Disaster Recovery Preparedness Continues to Grow

Effective disaster planning can mean the difference between bringing a business back online quickly or potentially closing the front doors forever. It could mean the loss of millions of dollars or just a few minutes of downtime. Business continuity plans provide businesses with a road map for responding to problems, from severe weather events, to a loss of electricity, to massive flooding, among many other scenarios.

And according to an article on www.sfgate.com by Verne Kopytoff, the first step in planning is to identify critical assets, including facilities, technology infrastructure and corporate data, and then document how to protect those assets in the event of disruption.

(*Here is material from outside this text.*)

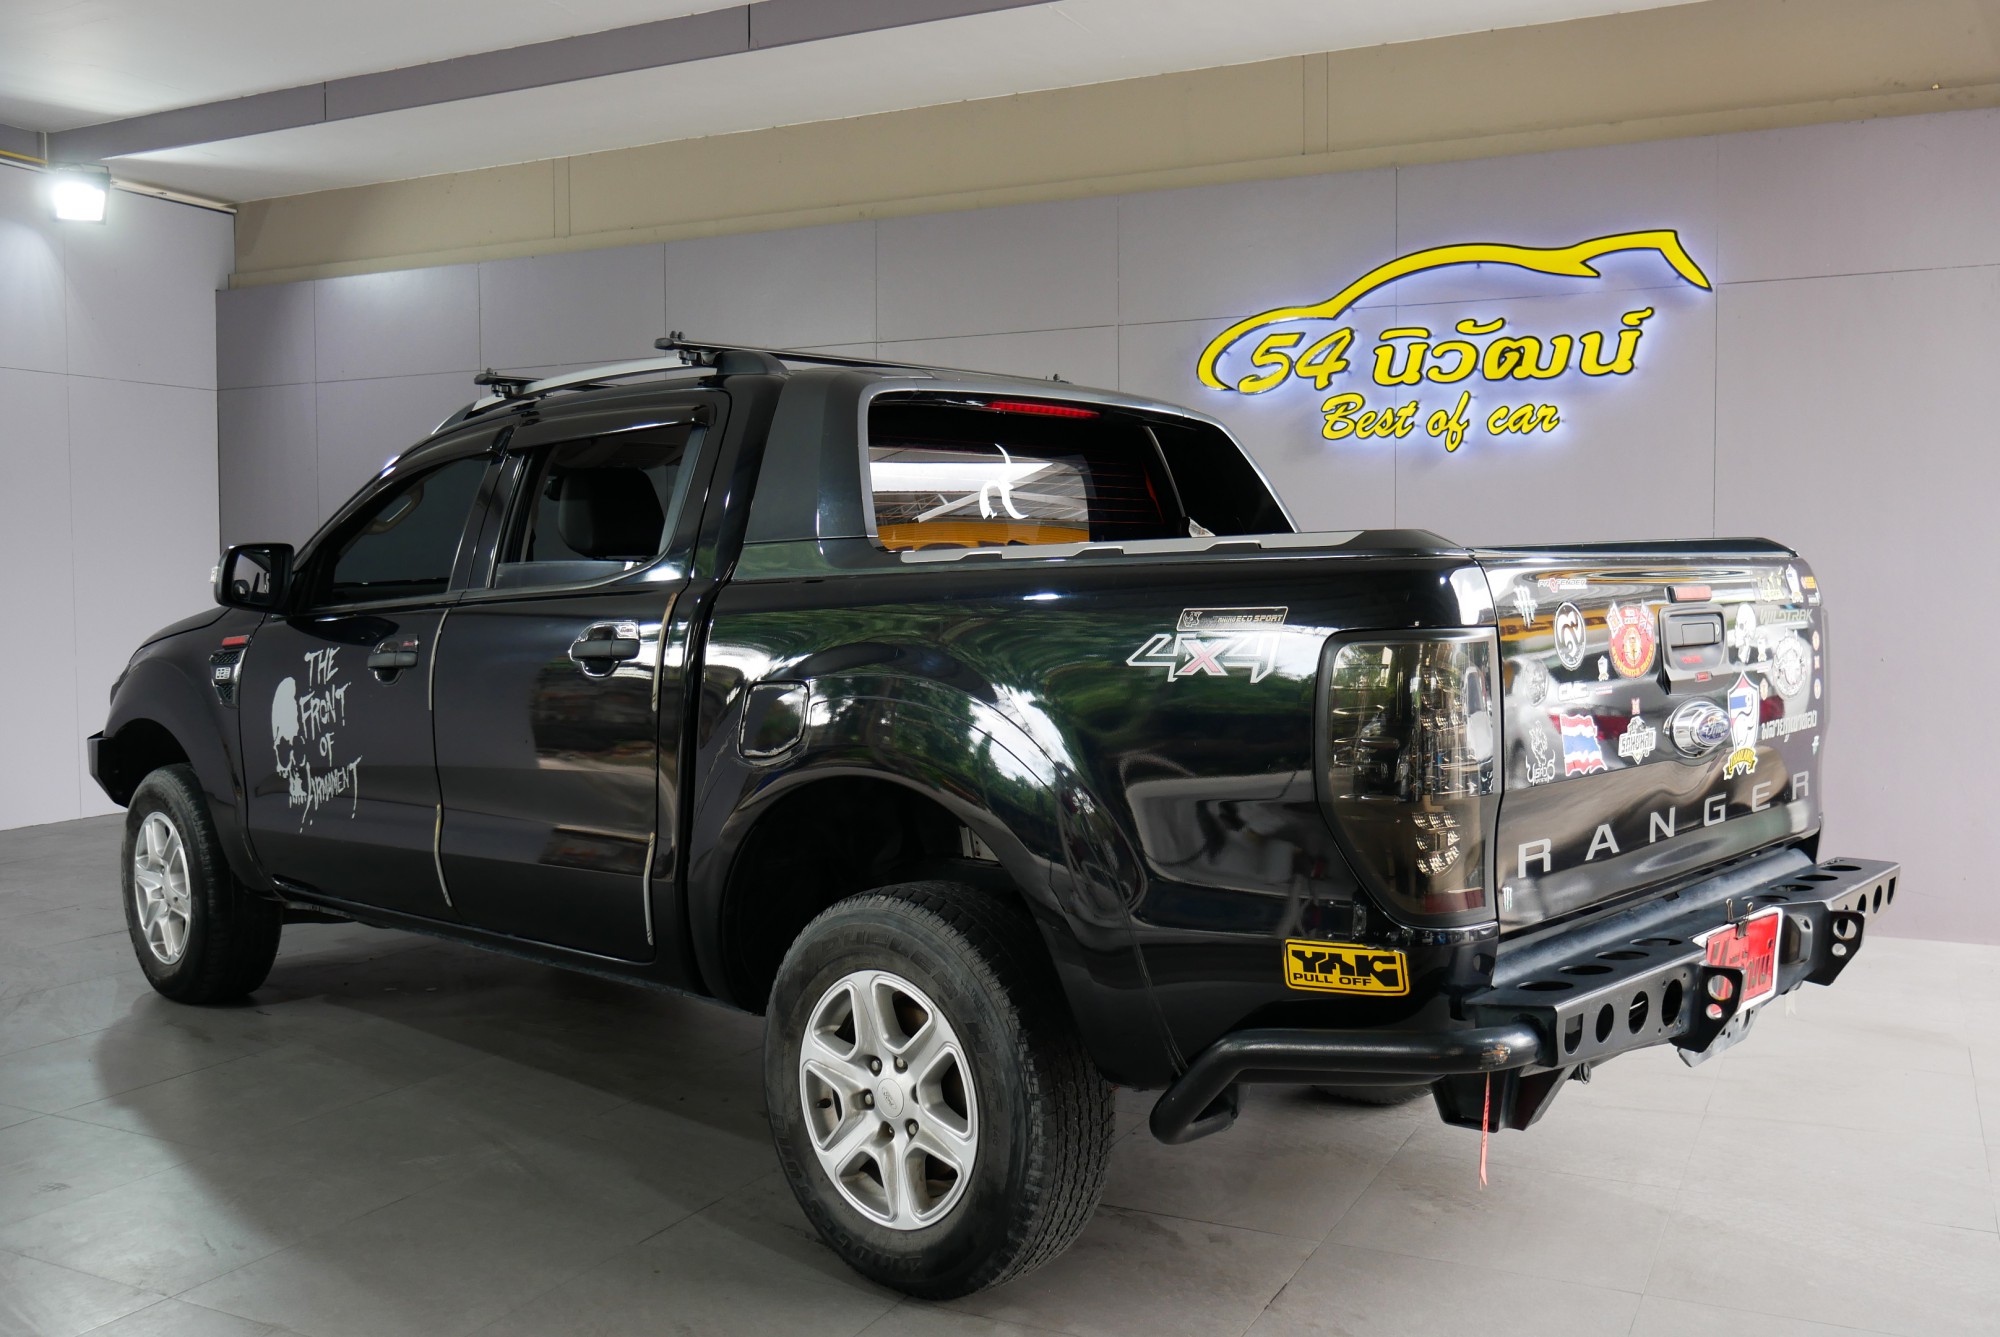 FORD RANGER DOUBLECAB 3.2 WILDTACK 4X4 AT ปี 2014 สีดำ

“Planning should not be limited just to a company’s own operations,” Kopytoff writes. “Key partners and suppliers could also run into trouble. For example, companies are increasingly using software in the cloud — services provided by third parties from remote data centers. What if such a vendor went offline?”

Almost three-quarters of companies have a BC plan, according to a survey of 300 executives conducted in 2011 by Disaster Recovery Journal and consulting firm Forrester Research. These companies focus on technology recovery first and foremost, including ensuring that key computer systems operate during and after any disaster strikes. This can be costly, however, and companies must strike a balance between keeping some systems in place while letting others take a back seat temporarily. But most important is backing up at a secure facility, which may be offsite. Another key BC area is drilling to ensure that data-recovery plans work in all situations.